From Subsurface to Seafloor: Understanding Fault Activity Through Pockmark Mapping and Machine Learning-Driven Seismic Attribute Analysis in the NW Sicily Channel

Abstract. This study explores fault activity and fluid migration in the NW Sicily Channel, focusing on the Adventure Plateau, using 2D seismic data, multi-attribute seismic analysis, and machine-learning-based fault detection. We assess the structural controls on fluid escape pathways and pockmark formation by applying seismic attributes such as fault probability, similarity, dip variance, and textural entropy.

Our findings reveal that pockmarks are spatially confined near structural highs, where near-vertical faults cross-cut the Terravecchia Formation and extend to the seafloor. Additionally, polygonal faults – despite hosting gas/fluids – do not contribute to pockmark formation, suggesting that tectonic discontinuities, rather than sediment compaction alone, govern active seepage.
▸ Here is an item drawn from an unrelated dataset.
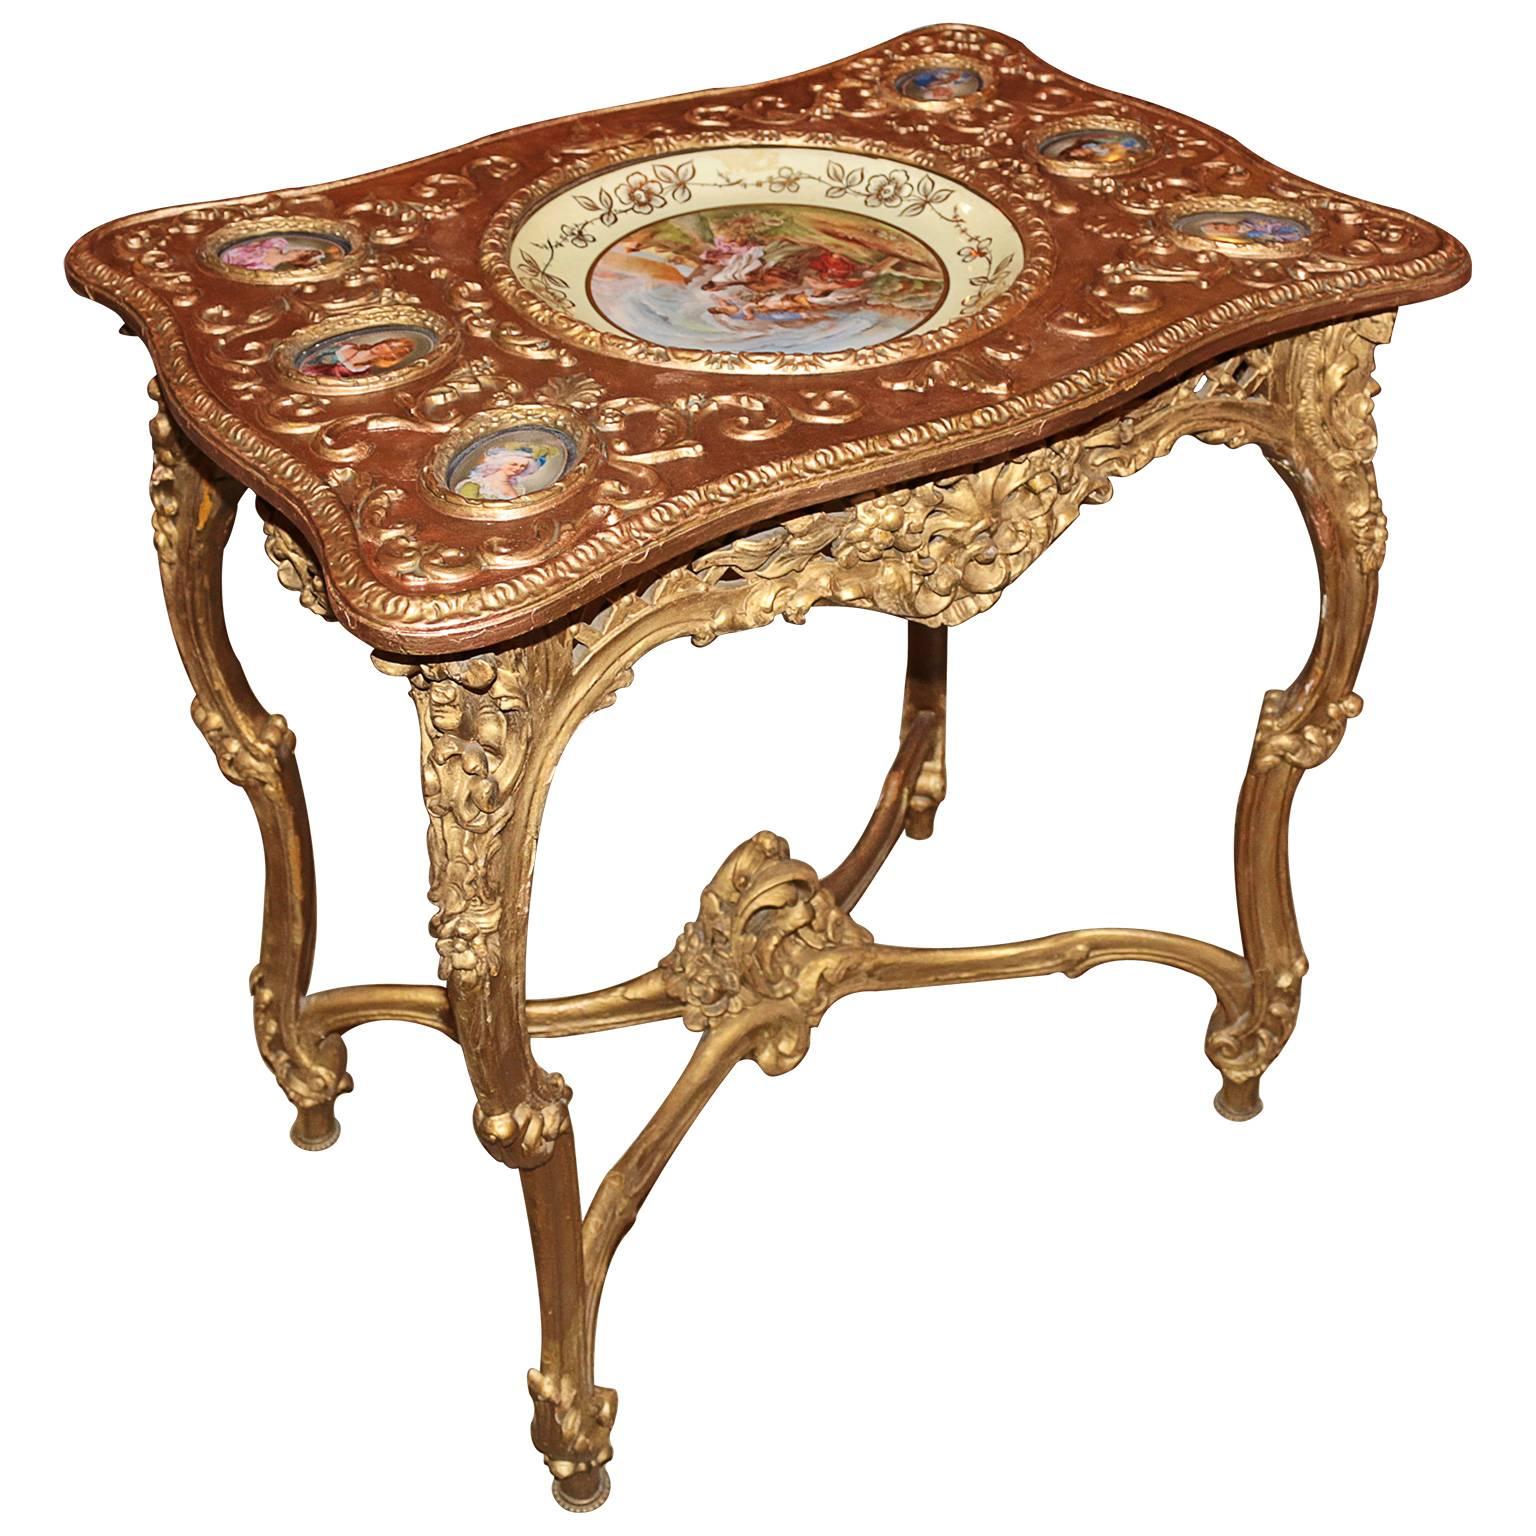 The beautiful curvy end table with six small porcelain hand-painted sevres plaques to both sides of one larger hand-painted center plate. The plaques are in great condition and have little to wear consistent with age. This end table has great

To enhance fault characterization, we introduce a machine-learning-derived Fault Probability Section, providing a quantitative assessment of fault likelihood, surpassing traditional seismic interpretation. Our study proposes that pockmarks serve as proxies for active faulting, offering a new approach for offshore fault characterization. This method holds implications for seismic hazard assessment, hydrocarbon exploration, and geohazard monitoring.